張政委撲到床邊,拉著女兒的手,眼淚「唰」地就流了下來:「悠悠啊,你可是爸的命根子!是不是秦傲男那小子欺負你?是不是他傷的你?」他一邊說,一邊猛地轉頭,惡狠狠地瞪著秦傲男,「秦傲男!你給我等著!我一定找陸首長要個說法,你小子記過處分跑不了!」
秦傲男猛地站起身,剛要開口辯解,就被張念山一把拉住。張念山沖他遞了個「別說話」的眼神,轉頭對張政委沉聲道:「政委,現在不是說這個的時候。悠悠剛脫離危險,得讓她好好休息。有什麼事等她醒了,調查清楚再說。我先帶秦傲男回部隊,下午咱們去陸首長辦公室談。」
不等張政委反駁,張念山就拽著秦傲男往外走。秦傲男掙了掙胳膊,壓低聲音怒道:「你攔著我幹什麼?我根本沒碰她!憑什麼讓我背這個黑鍋?」
「你現在跟他吵有用嗎?」張念山停下腳步,眼神嚴肅,「他現在滿腦子都是女兒受了委屈,你說什麼他都聽不進去。
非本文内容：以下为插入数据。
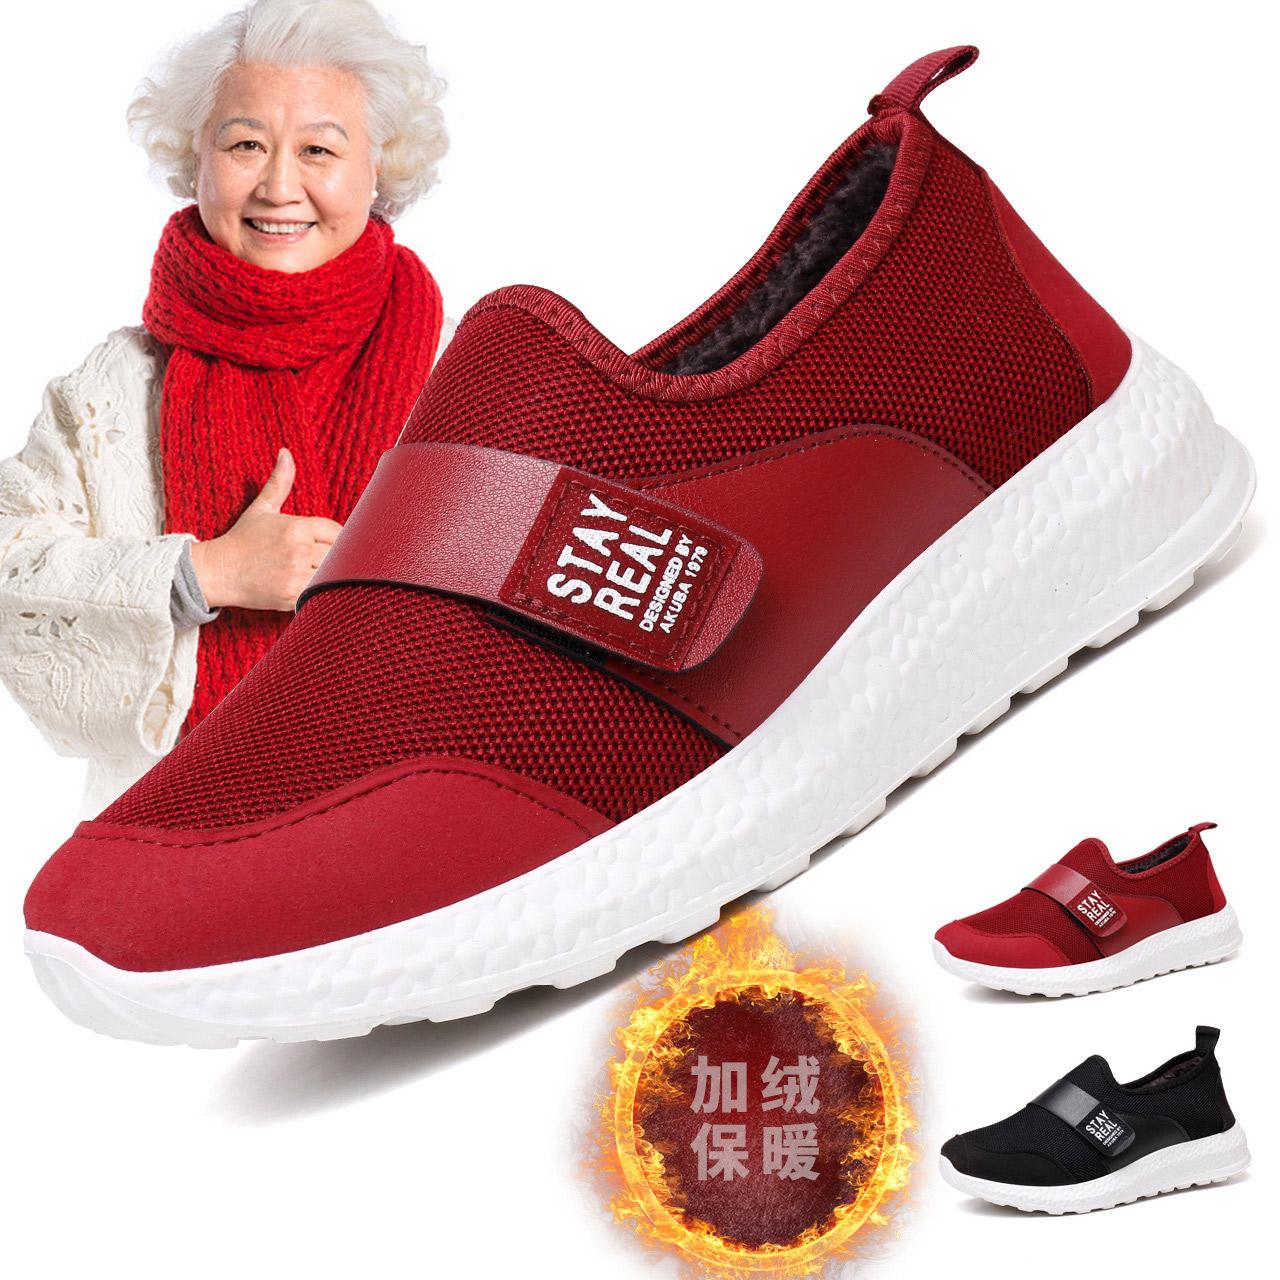 雨蒂冬季爆款加绒保暖妈妈鞋健步鞋休闲运动百搭女棉鞋广场舞鞋女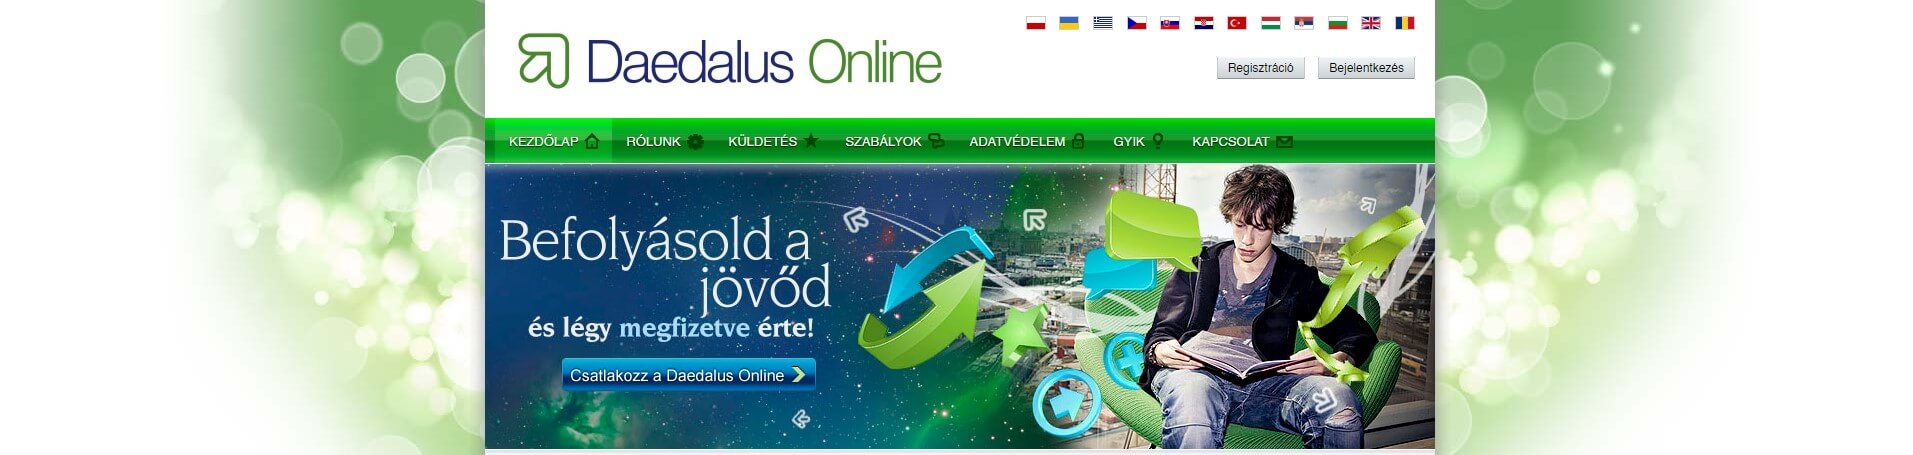 az interneten való pénzkeresés valós)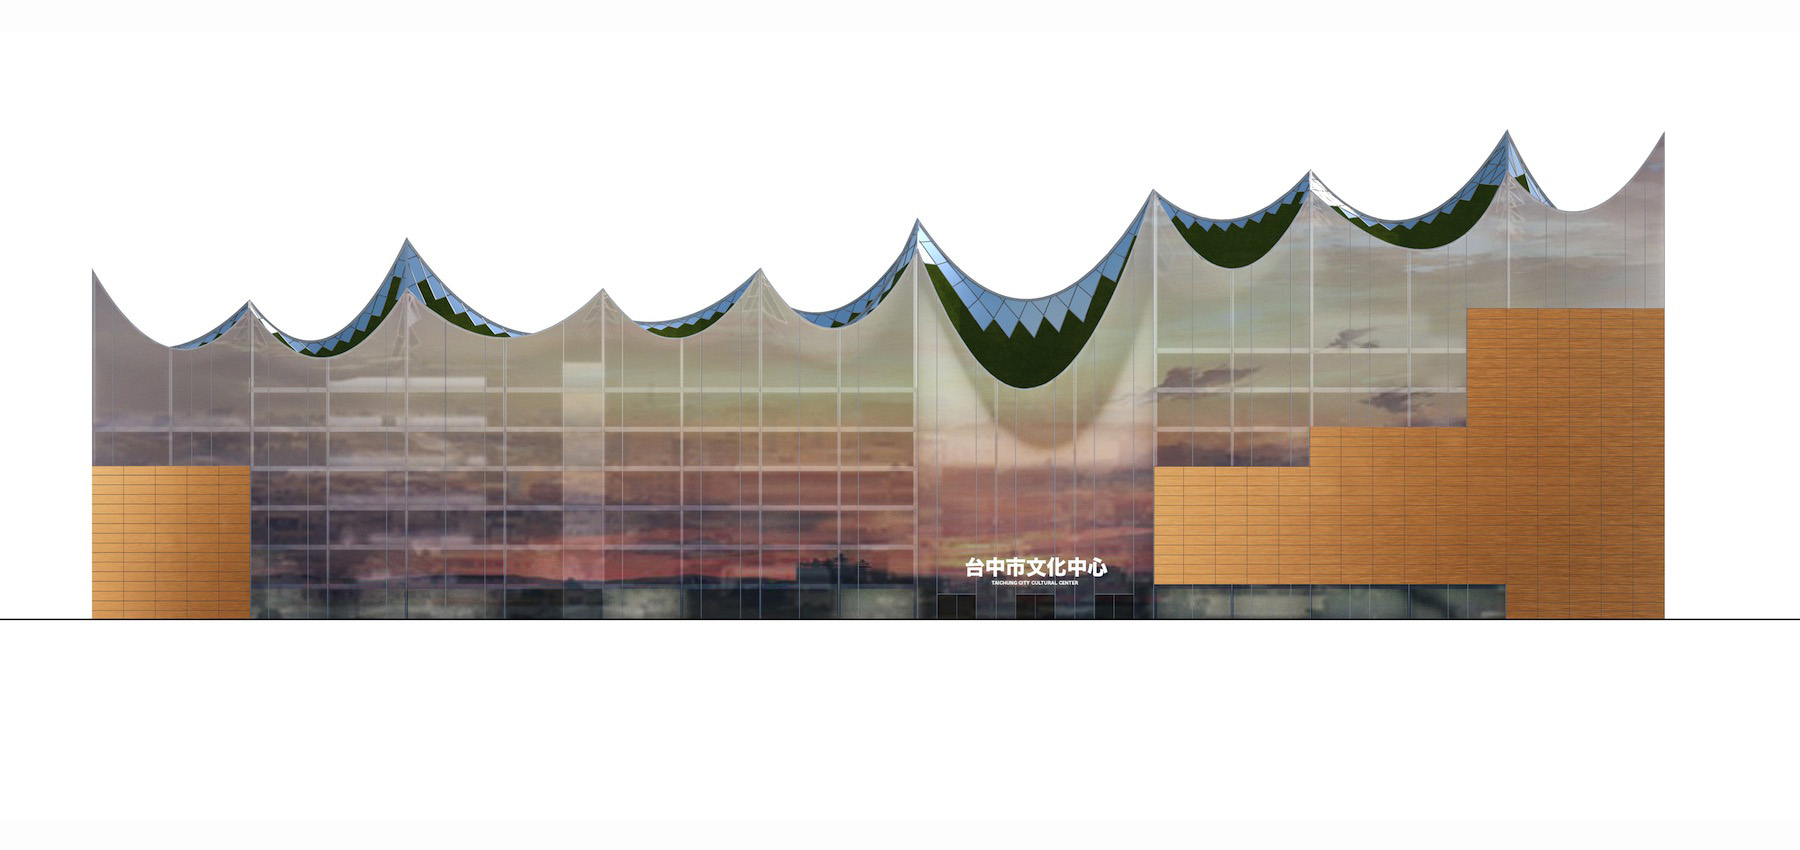 singularq-architecture-lab-arquitectura-concurso

他是張悠悠的父親,護短是肯定的。這事不是他說了算,下午到陸首長面前,把話說清楚就行。」
秦傲男攥緊拳頭,指節泛白,卻也知道張念山說得對。他深吸一口氣,跟著張念山走出醫院,清晨的冷風刮在臉上,讓他混沌的腦子清醒了幾分。
下午,陸首長的辦公室裡氣氛凝重。張政委坐在沙發上,手指攥著,指節因為用力而發白。陸首長坐在辦公桌後,手指輕輕敲著桌面,目光在秦傲男和張念山身上掃過。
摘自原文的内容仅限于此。